No major drop in ad rates: So, how did print tide over Covid’s second wave?

While ad rates haven’t shown any significant drops, there hasn’t been any increase in the same since 2019. Newspapers are targeting to touch 2019 numbers before increasing rates

e4m by Tasmayee Laha Roy
Updated: Jul 20, 2021 11:03 AM

Jacket ads and masthead integrations are back on all major newspapers and across languages. Newspapers like The Times of India, Hindustan Times, Dainik Bhaskar, Dainik Jagran and many others are regularly printing full-pagers. Does this suggest lowering of ad rates or stabilizing of business after the second wave?

Interestingly, with print betting high on cost cuts and ad volumes to drive growth, there has been no significant drop in ad rates to stabilize toplines as businesses start opening up after the second wave of the pandemic.

After a dry two month phase between April and June, newspapers are back cracking deals with brands without any deep discount or ancillary offers. Experts suggest that the industry is likely to witness sharp ad growth on a YoY basis in FY22 with publishers eying recovery of ad volumes and no drop in ad rates especially in language newspapers.

In fact, as per media planners’ estimations, an inside page ad is upgraded to jacket with 30%-40% premium on base rate on regular days, but on special days and festive season, the premium goes up to 4X and there has been no changes in these rates even in the present times.

“Print never held back pricing, they only added value to it in terms of additional space/schemes. Noticeably print is working its way back to recovery, and by the end of this financial year, print is expected to go back to 85% to 90% of numbers it clocked in 2019, be it in terms of volume or advertising revenue. Presently, as businesses have started opening up and brands are investing in advertising, print is also getting back its due share in terms of volumes. However, the schemes which use to exist are no longer prevalent when it comes to leading players in the country,” said Ramsai Panchapakesan, SVP, Media Buying, Zenith.

While there has been a temporary increase in newsprint prices in Q4FY21, given the lower pagination and contracted inventory, the impact has been much lower than the price rise.

“There was no impact on circulation in non-metro cities. Not even in the first lockdown. This has given the language newspapers an upper hand to maintain both ad volumes and ad rates. During the months where consumer sentiment was low, publishers were offering value ads. But as businesses open up, these offers have dried up as well unless it is for a special client,” said another media planner.

Talking of ad volumes, while April saw a drop in numbers in the wake of the second wave of the ongoing pandemic, according to latest TAM AdEx report, during May'21, ad space in print grew by 53% compared to May'20 and overall ad space per publication rose by 7% in June'21 over June'20.

According to experts, while there has been no drop in ad rates there has also not been any significant growth in ad rates.

“Print is targeting to bring back numbers as the targets are based over last year and numbers are expected to be big and aspirational by driving growth in ad volumes by offering innovative solutions,” Panchapakesan said.

Coming to innovations, as per TAM Ad Ex, indexed ad insertion growth of ad innovations in print medium was 12% higher in June 2021 as compared to June 2020. Three out of five ad innovations were common in print in both periods. Top five add innovations In June 2021 were French Window, Tab, Figured Outline, Masthead Integration and Seamless Jacket. While in June 2020, the top five innovations included Figured Outline with 82% share followed by L shape ads, Masthead Integrations, Circular Shape and Tab.

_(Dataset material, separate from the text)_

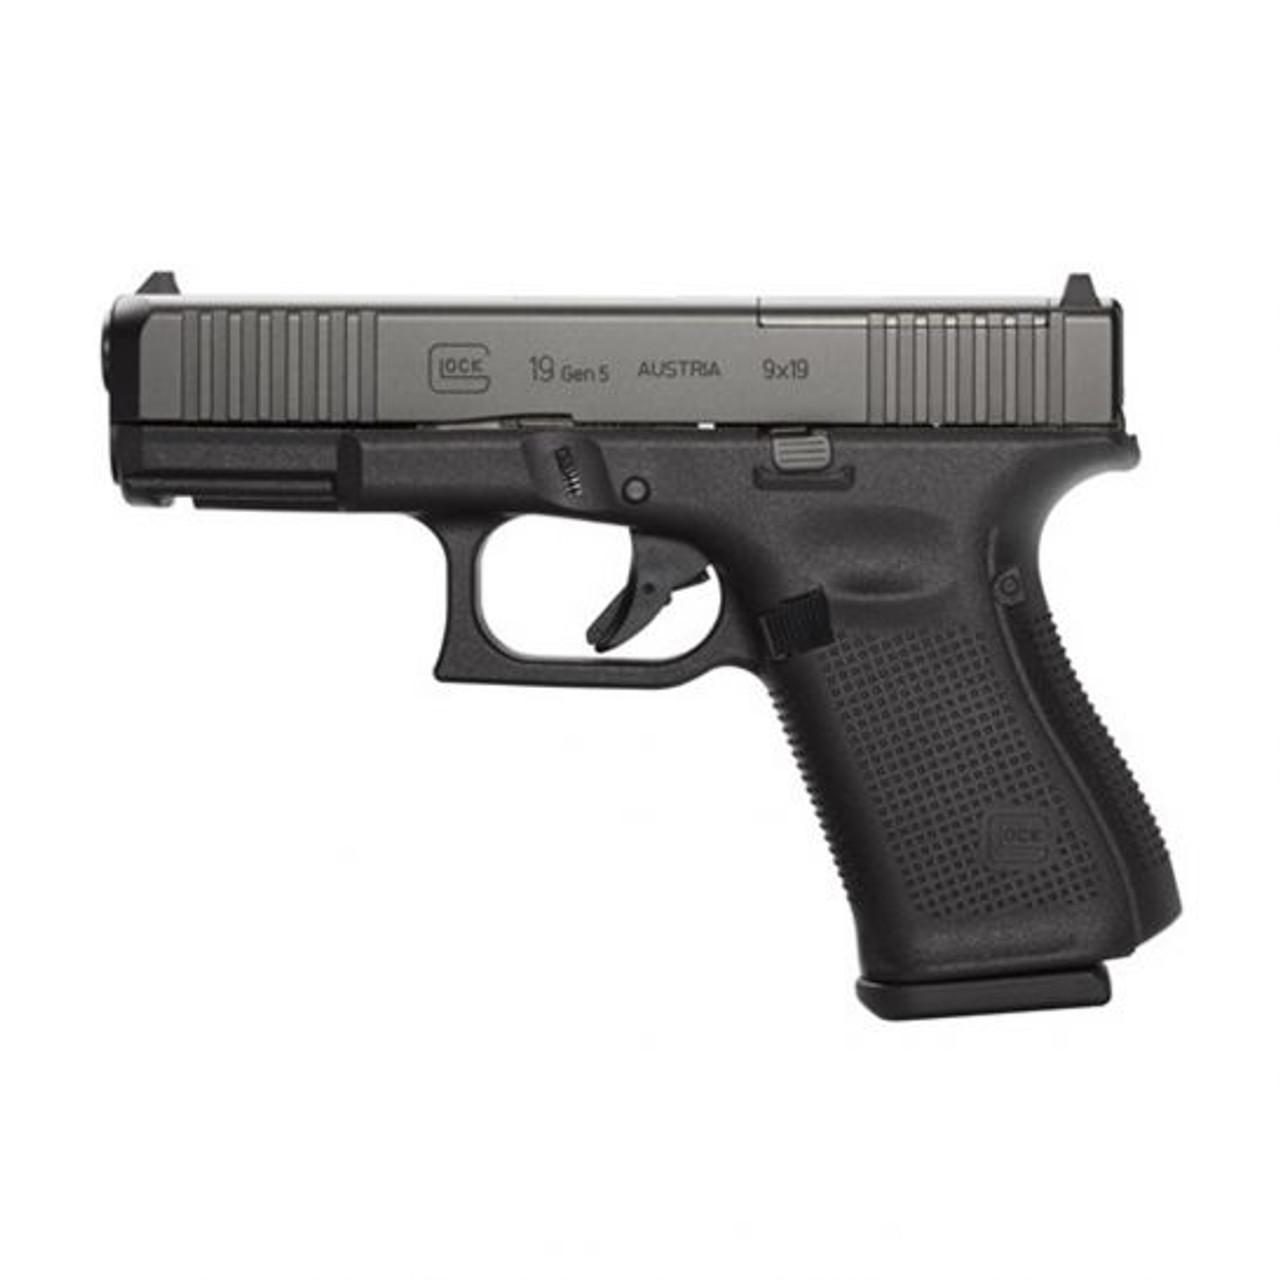 Glock G19 GEN5 MOS Front Serrations / Black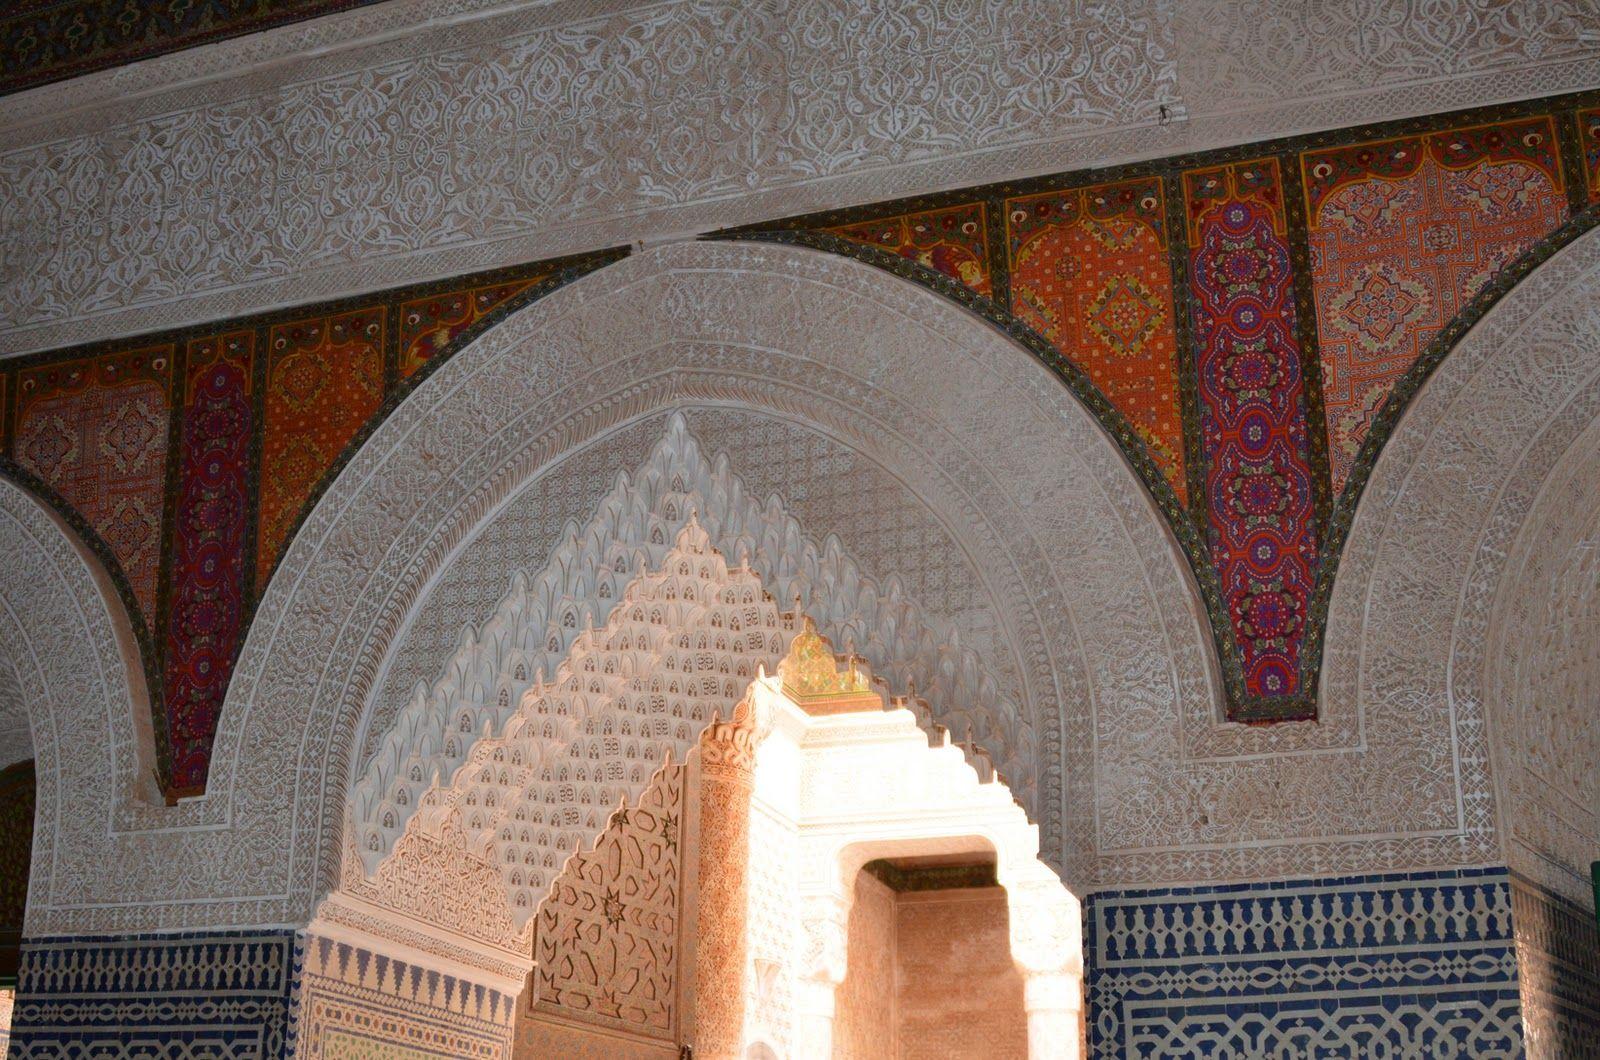 Zelij (mosaic), plaster, fabric panels. Telouet, Morocco. (Photo by Laini Taylor)

Experts also suggest that last year, inventory utilization had almost reduced by 60-80% across national and vernacular publications. This had led to a huge reduction in print rates – very high discounts on card rates, special schemes, value adds etc.

 “Even in August-September’20, when advertising was beginning to resume, print rates were at higher discount percentages. With festive season in 2020, print rates started witnessing an upward trend. With the second wave of Covid, print inventories again started falling down. However the discounts were not as high as they were during the first wave,” said Navin Kathuria, EVP & Principal Partner, OMD Mudramax.

One of the reasons for this is that in first wave, the distribution and circulation of dailies/magazines was affected badly, which was not the case during second wave.

“Also with advertising resuming with the conventional print categories like Retail, E-commerce shopping sites etc, demand for print inventory has gone up and so have the prices. Having said that print rates have yet not reached the pre-Covid levels. Current rates are higher than last year, but still slightly lower than the pre-Covid levels,” said Kathuria.

As it turns out, print's credibility has ensured that the ad prices don’t go down. Even in this pandemic induced environment, print managed to bounce back and gain stability thoroughly riding on the years of credibility under its belt.

Reach in language markets is another big factor behind brands, both big and small, counting on print medium.